Побег из мышеловки, таким образом, оказывается очередной уловкой самой нашей мышеловки. Как показывал Лиотар, одним из самых живучих и крепко сбитых метанарративов является нарратив об эмансипации, об освобождении человечества от пут лжи и заблуждения, исторически данный в идеологии Просвещения. Теперь, пройдя через Лиотара, Адорно с Хоркхаймером и многих других, мы знаем, что Просвещение под предлогом окончательной эмансипации строило свою собственную золотую клетку, не менее идеологическую, чем все прочие (от себя добавлю, что и с этой критикой все не так уж и гладко).
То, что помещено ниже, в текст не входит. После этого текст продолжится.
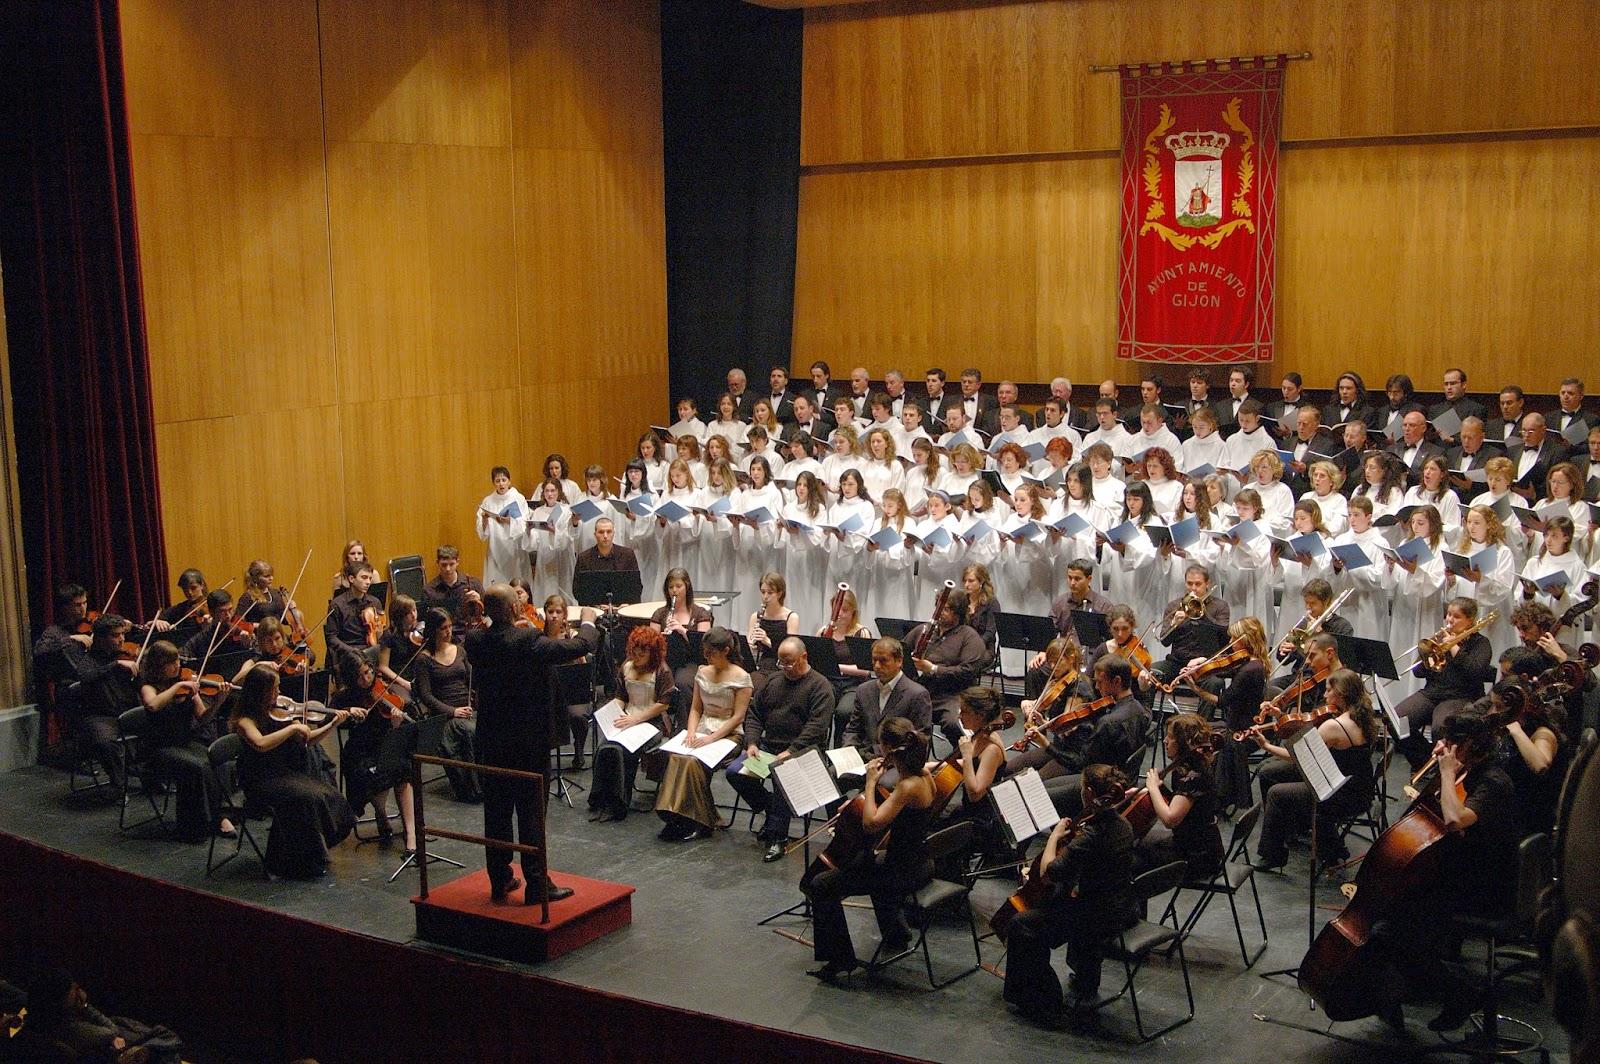 Orquesta sinf nica del conservatorio de gij n la orquesta - Conservatorio musica bilbao ...
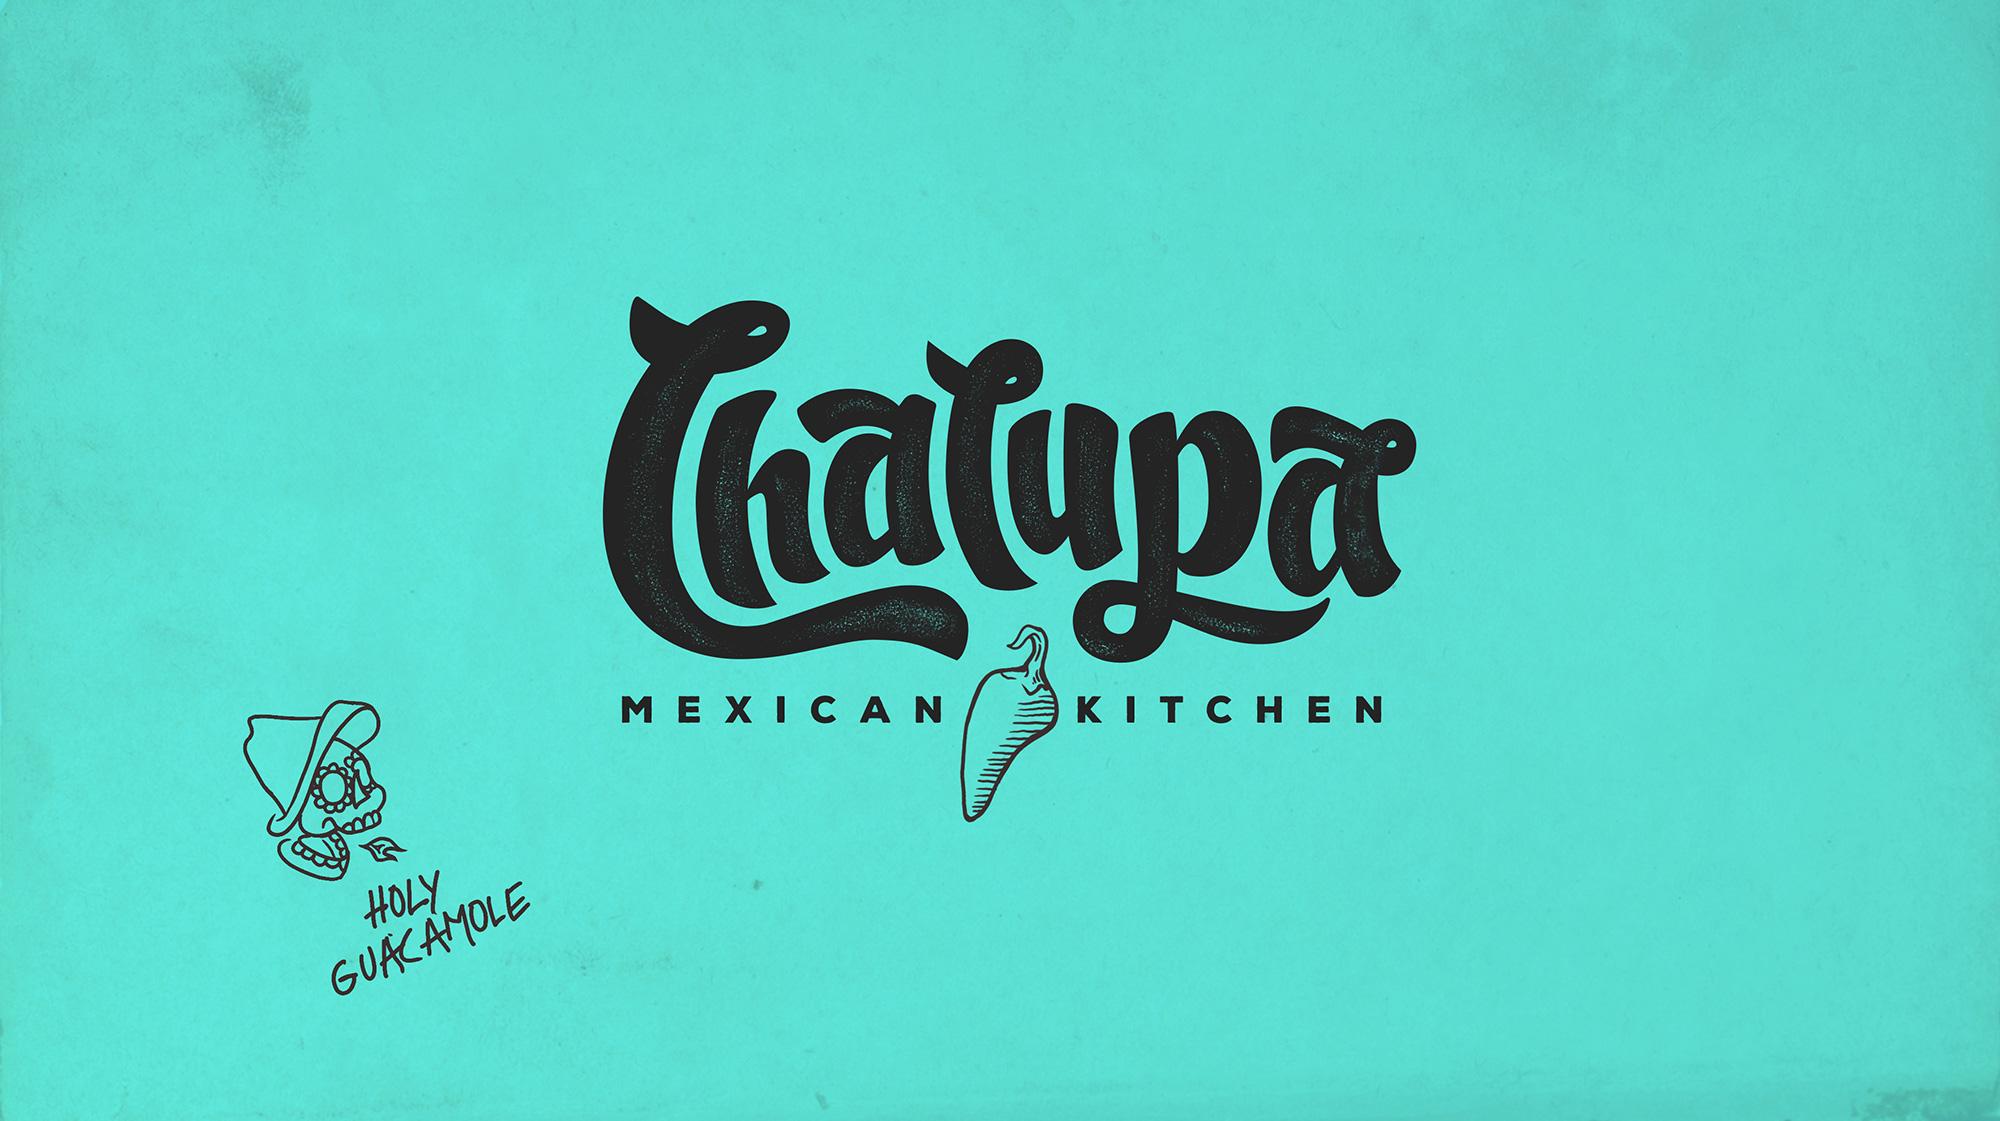 Chalupa unused logoproposal

Невозможно выйти за границы рассказа, если мы пытаемся сделать это с помощью рассказа. Невозможно выпрыгнуть из языка или мышления, если мы делаем это с помощью языка и мышления. Нельзя выйти из дискурса с помощью дискурса. Здесь важен этот момент тавтологии, характерно отсылающий к картезианскому началу новоевропейской философии: если я сомневаюсь в самом сомнении, то тем самым я утверждаю сомнение; если я дискурсивно преодолеваю дискурс, то тем самым я только утверждаю дискурс, указываю на его принципиальную неустранимость. У нас выходит, что дискурс – темница, из которой, увы, нет выхода.
В этом смысле философия оказывается также дискурсом, но дискурсом парадоксальным – таким, который всякий раз указывает на свою принципиальную ограниченность, в конечном счете ложность. Это с новой стороны проливает свет на известное положение о том, что философия – это критика, а именно критика мышления, языка или дискурса самим мышлением, языком или дискурсом. Невозможно не обнаружить во всем этом отчетливый призрак Канта с его трансцендентальной критикой: разум – вещь самозамкнутая, выход к вещи в себе невозможен, приходится довольствоваться малым (но это уже что-то). Трансцендентализм, собственно, и указывает на то, что мир дан сознанию. Трансцендентальный метод исходит из работы сознания. Он приходит к тому, что из сознания невозможно выпрыгнуть, потому что выпрыгиваем мы тоже сознанием. Внесознательное, вещь в себе – это то же витгенштейновское нечто, о котором невозможно говорить и потому следует молчать. Витгенштейн называл это мистикой. Поэтому мистическими (то есть таинственными, непонятными, непознаваемыми) будут всяческие указания на нечто вне сознания. Вполне возможно, что из этого выйдет красивая история, но претензии ее на истинность бессмысленны – это по-прежнему будет история о некотором бессознательном, рассказанная сознанием самому себе. Не более чем колыбельная. Что то же – религия: Кант так и писал, что он ограничивает разум, чтобы освободить место вере. Вера означает: не знаю и не могу знать, потому верю, а во что верю, это уже не имеет никакого значения. Как говаривал Пятигорский, хоть в черта лысого.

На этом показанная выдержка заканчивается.